Теперь мы снова встречались с Доколенко у меня и у него. Он закончил «ремесло», плавал летом радистом на теплоходе, увлекся и увлек меня историй Енисея. У него был целый альбом фотографий старых, еще прошлого века, пароходов и тех, что знал и видел я, но которые уже стали историей: «Родина», «Победа», «Клим Ворошилов»...
Обменивались книгами. «Жизнь в искусстве» Станиславского так и осталась у него, а я «зачитал» его Тургенева.
Но, как и в детстве, меня тянули в другую жизнь, и снова это был Вовка Зорин. Теперь это был здоровенный детина со светлой щетиной на бугристом подбородке, разговаривающий сиплым баском. Он затащил меня в гости к девчонкам, буфетчицам с пассажирского теплохода, Оле и Тоне, похожим, как сестры, но то, что в Оле было привлекательным и милым, в Тоне проступало чрезмерно и грубо. Я совершенно безнадежно влюбился в Олю, а Тоня так же безнадежно льнула ко мне.
То была хорошая зима. Снег. Тишина. Одиночество. Грусть. Надежда.

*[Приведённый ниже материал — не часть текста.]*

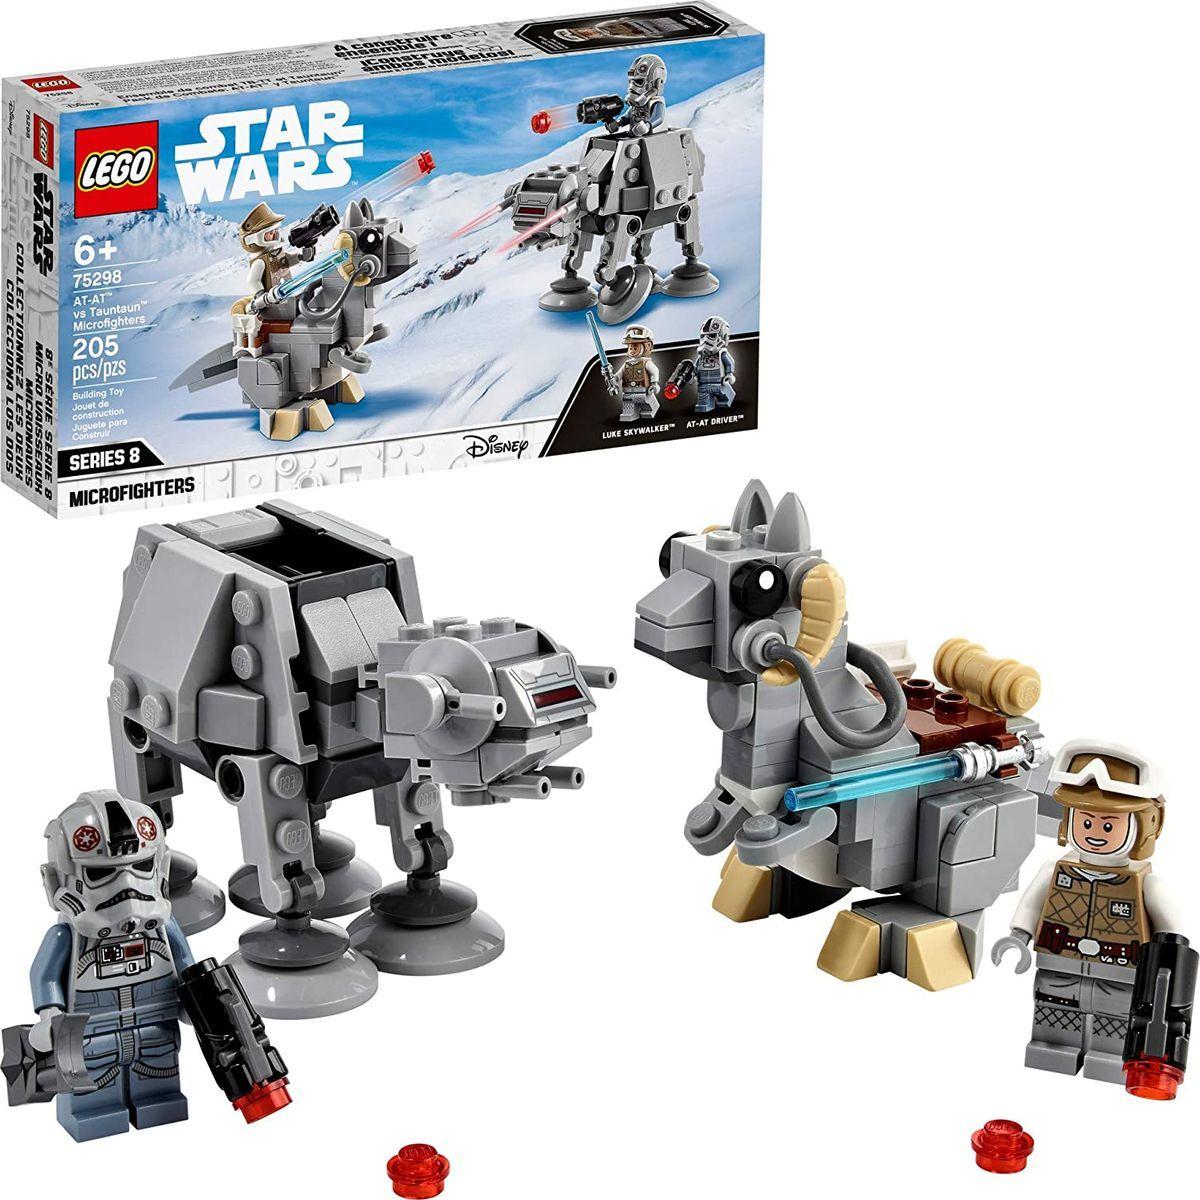 LEGO® Star Wars™ 75298 Mikrobojovníci AT-AT™ vs. Tauntaun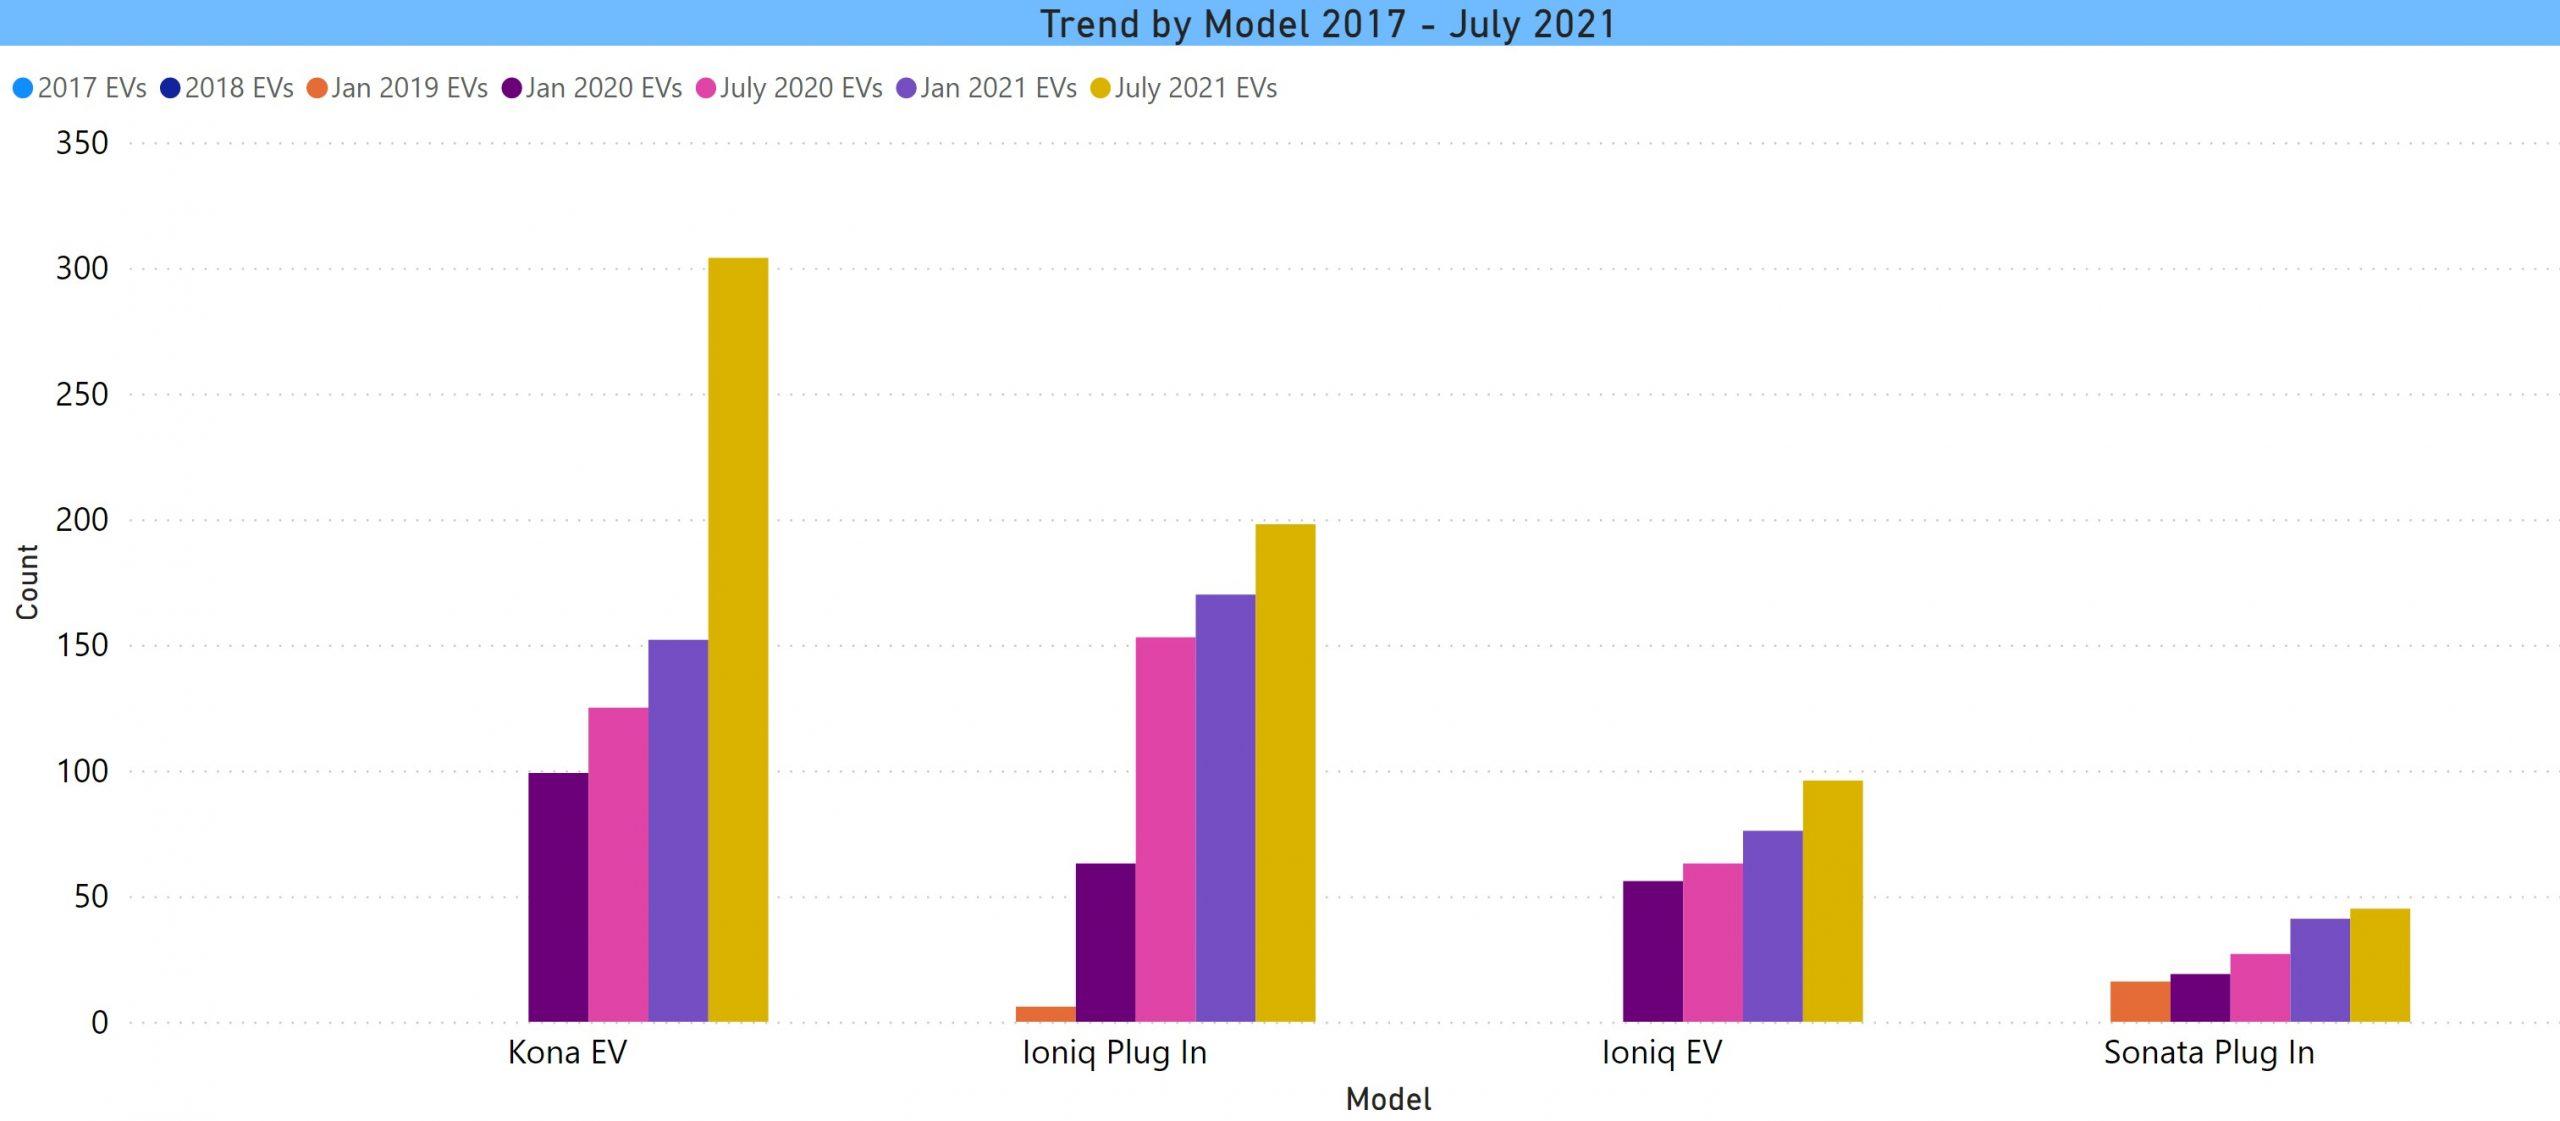 Hyundai model trend

Потом Оля и Тоня уехали. Мои тезки весной ушли в плаванье. Осенью их забрали в армию. Встретились мы с Вовкой Зориным через много лет в Новосибирске, случайно, на улице. Он показался вдруг меньше ростом, лицо усохло, голос ослаб, глаза выцвели. Работал он теперь слесарем в домоуправлении — из-за служебной квартиры. В ней-то мы и посидели вечерком, вспоминая прошлое, поселок. Дети, девочка пяти лет, рослая, серьезная, похожая на Вовку, и трехлетний мальчик, пухленький, с милой маминой улыбкой, занимались своими делами, не лезли к столу. Когда жена стала готовить им постели в закуточке за цветной занавеской — сам Вовка с женой спал на полу — я стал прощаться.
Вовка проводил меня на остановку. Был конец октября, земля уже была стылой, каменной. Вовка вдруг остановился и, мотнув куда-то в сторону головой, сказал:
— Туда не хожу.
За дорогой, в темноте, прямо под нашими ногами, были черные крыши деревянных домишек, узкие улочки, блестевшие замерзшими лужами. А дальше, за домишками, светлело что-то широкое — там была река.
— Как услышу гудок — сердце рвется, — признался Вовка. — Хорошо, что их запретили, гудки...
И Доколенко после армии не вернулся в Подтесово, остался в южных краях, женился. Однако семейная жизнь не задалась, как у многих моих сверстников и сверстниц, и однажды, летом восьмидесятого, я вновь увидел Володьку в поселке. Работал он теперь в радиоцехе, ремонтировал рации на теплоходах. Мастером он стал высококлассным. Как-то Володька взял меня с собой на новый танкер болгарской постройки, надо было разобраться с забарахлившей УКВ-радиостанцией, и мне понравилось, как он работает: спокойно, основательно, аккуратно.
И с бытовой стороны у него был здесь порядок. Женился, получил квартиру, воспитывал детей. Я побывал у него раз-другой: дом как дом, жена как жена, лишний раз не зайдешь, но Володька был ею доволен:
— С прежней женой за два года столько горя хватил, другому на век хватит, А с этой отдыхаешь.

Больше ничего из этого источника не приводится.